Some Southern Dallas neighborhoods identified as most vulnerable for COVID-19 illness and death, have not received any vaccine shipments from the state of Texas so far, an NBC 5 investigation has found.
Two maps tell the story. First, a map provided by the Texas Department of State Health Services shows a dot for each hospital, clinic or pharmacy to receive vaccines in the first weeks since it has become available.
There are no dots at all in a wide section of Southern Dallas south of Interstate 30 and east and west of the Interstate 45 corridor.
NBC 5 Investigates also mapped the addresses on a list of new locations where the state pledged to ship vaccine this week.
Again, it shows a gaping hole over southern Dallas, including several ZIP codes in predominately Black and Latino neighborhoods that have seen the highest numbers of COVID-19 deaths in Dallas County.
The 75216 ZIP code where at least 64 people have died from the virus does not have a single site that has received a vaccine shipment. A person living in that ZIP code near Loop 12 and I-45 would have to drive about seven miles east or nine miles west to find the closest vaccine location, if any vaccine is still available at several clinics that have received just a small number of does so far.
Community activist Derrick Battie was stunned when he first saw the maps.
“We shouldn't have to fight for every single thing. I think it's time now that we seriously consider the southern sector,” Battie said.
He remembers how Black leaders in his South Oak Cliff community first had to push for more COVID-19 testing locations. Now Battie and his neighbors feel like the state has overlooked them again.
“This is once again, proof that they don't care about our community. And when they say “They,” they’re talking about the people who are in charge of making the decisions,” said Battie.
Some neighborhoods that have no vaccine distribution locations are located in ZIP codes that the Dallas County Health Department identified as “most vulnerable” for severe COVID-19 illness and death because so many residents work in high risk jobs or have serious underlying health conditions or both.
So why didn’t the state send vaccine to those neighborhoods first?
NBC 5 Investigates asked a member of the state health commissioner's committee that's making those decisions.
Dr. David Lakey, Chief Medical Officer of the UT Health System, and one of the 17 members of the state’s expert vaccine allocation committee said he understands why people are frustrated.
He said one reason for the gap in southern Dallas is that the state’s early strategy has focused on getting healthcare workers immunized. So, most of the early vaccine supplies went mostly to large hospitals and not local neighborhood clinics.
Lakey said the committee constantly talks about how to get more vaccines to minority communities.
“I would also say to the community … that we all understand that you have been hit hard by COVID and that the state needs to do a better job at getting vaccine out to communities of color,” said Lakey.

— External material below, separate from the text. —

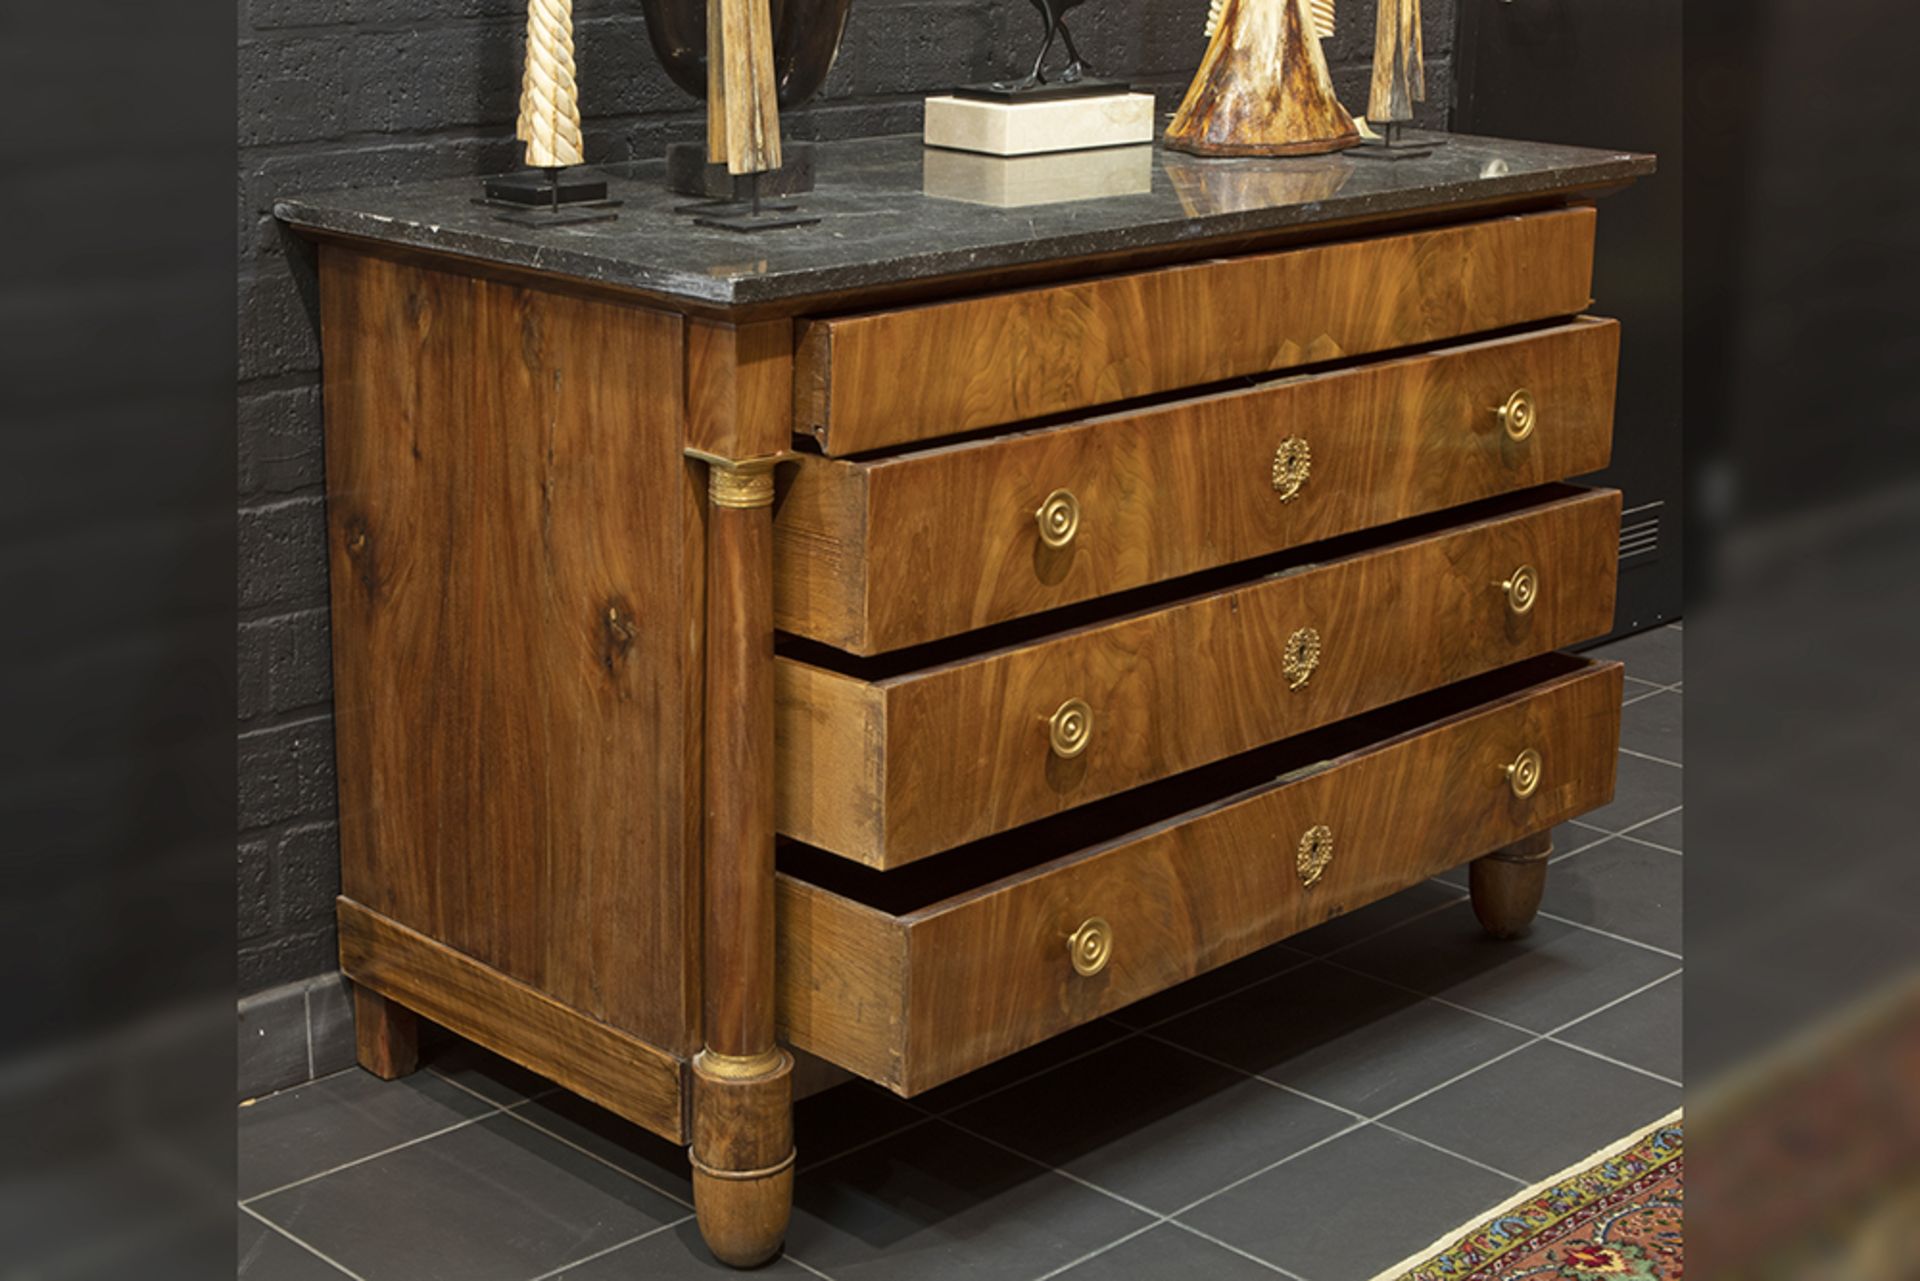 early 19th Cent. French Empire period chest of drawers in mahogany with mountings in gilded bronze - Image 2 of 2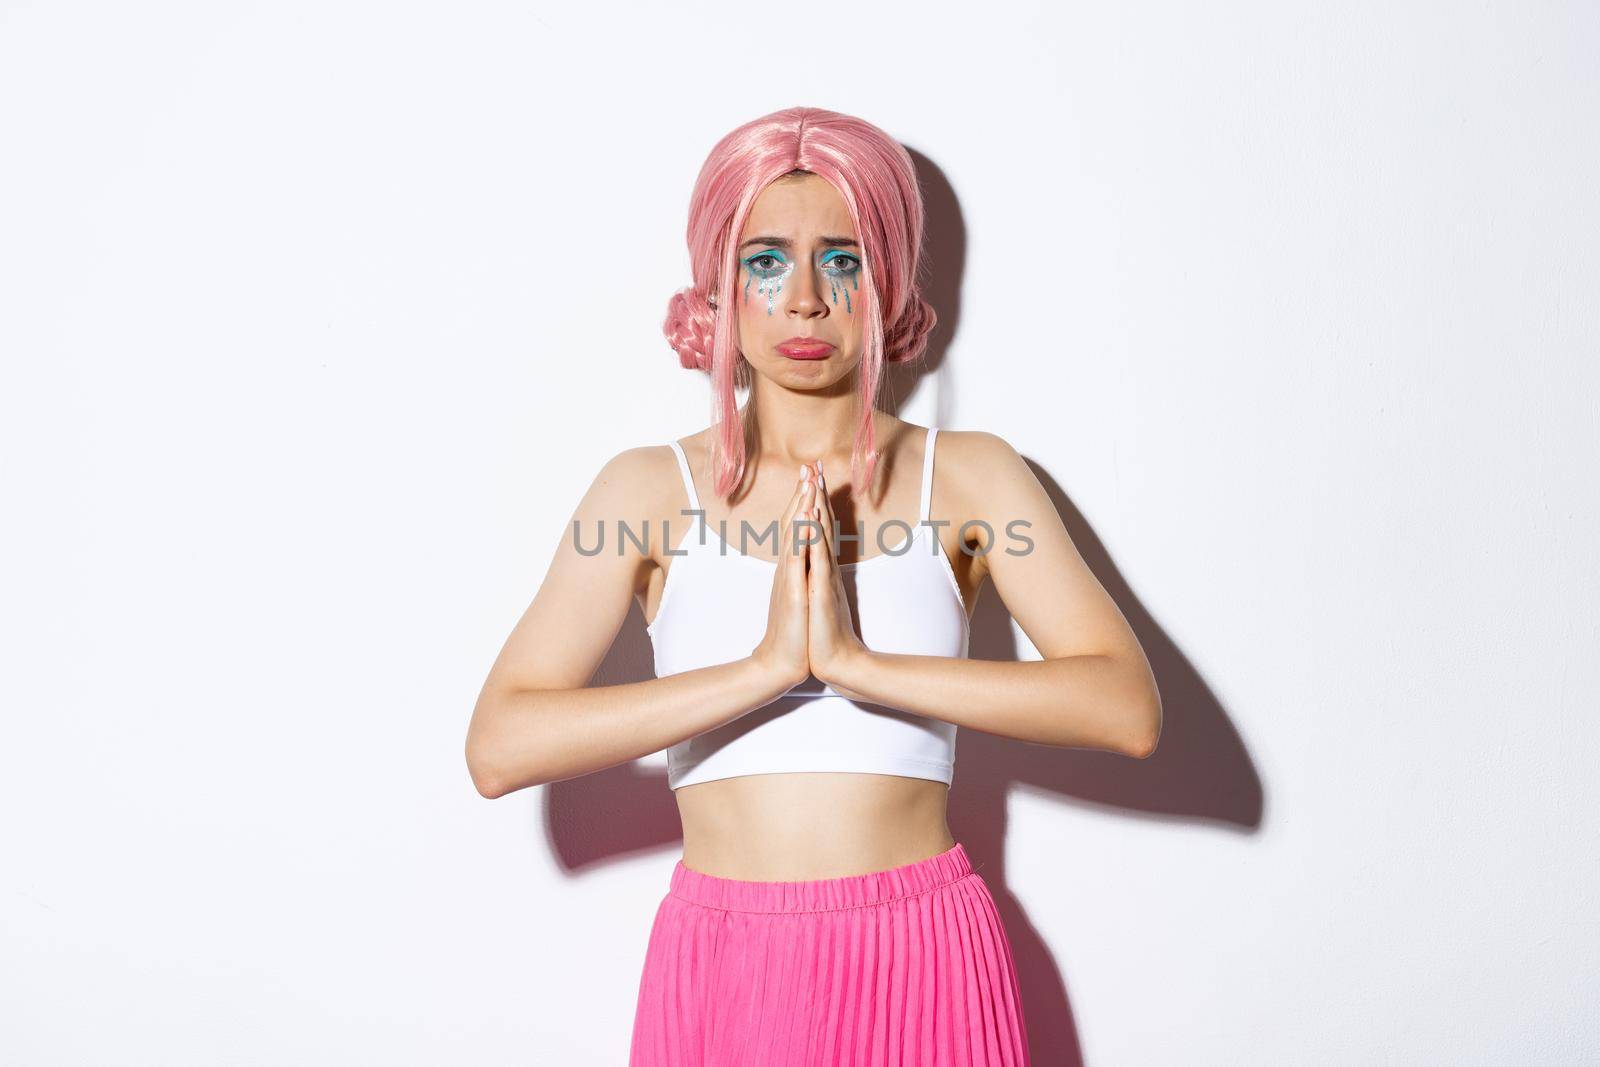 Portrait of miserable cute girl in pink anime wig asking for help, clasp hands together and begging for something, standing in halloween outfit over white background.

After seeing the vaccine distribution maps, Derrick Battie asked State Sen. Royce West (D-Dallas) for help.
“Once I received the calls, we got right on top of it,” said West.
West said he was amazed that several ZIP codes receiving little or no vaccine have also seen some of the largest numbers of COVID-19 deaths.
“We know this, and so it would seem as though that the health department would make a better effort to recruit providers within a specific geographical area,” said West.
West contacted state health commissioner Dr. Johh Hellerstedt to demand more vaccine sites in Southern Dallas.
“Listen to me very closely. I'll be working very closely with the commissioner of the health department that I'll have to deal with, and he'll have to deal with me,” said West.
The state health department said it’s now working with the senator telling NBC 5 Investigates in a statement: "We appreciate Sen. West's partnership in identifying sites in his district that will be able to vaccinate priority populations and will continue to work to ensure vaccine is distributed equitably.” The department said as vaccination further expands distribution will shift to focus more on people in underserved minority communities.
In order to become a vaccine location, a clinic or pharmacy has to sign up via a state website. But, vaccine distribution experts point out some underserved communities lack clinics and pharmacies or lack locations with the refrigeration equipment necessary to store the vaccines.
Dallas County officials recently announced plans to open a large public vaccination site in southern Dallas. However, to operate such a location the state would need to provide the county with substantial shipments of vaccine each week.
On Thursday, the state health department said it plans to release a list later this week of large vaccination sites across the state that it will support with vaccine shipments soon. The department said it plans to prioritize those large locations over smaller clinics as the state receives additional vaccine from the federal government.
In communities that have suffered so much, it can't come fast enough.
“Please consider our communities of color, black and brown communities. please intentionally consider our communities of color,” said Battie.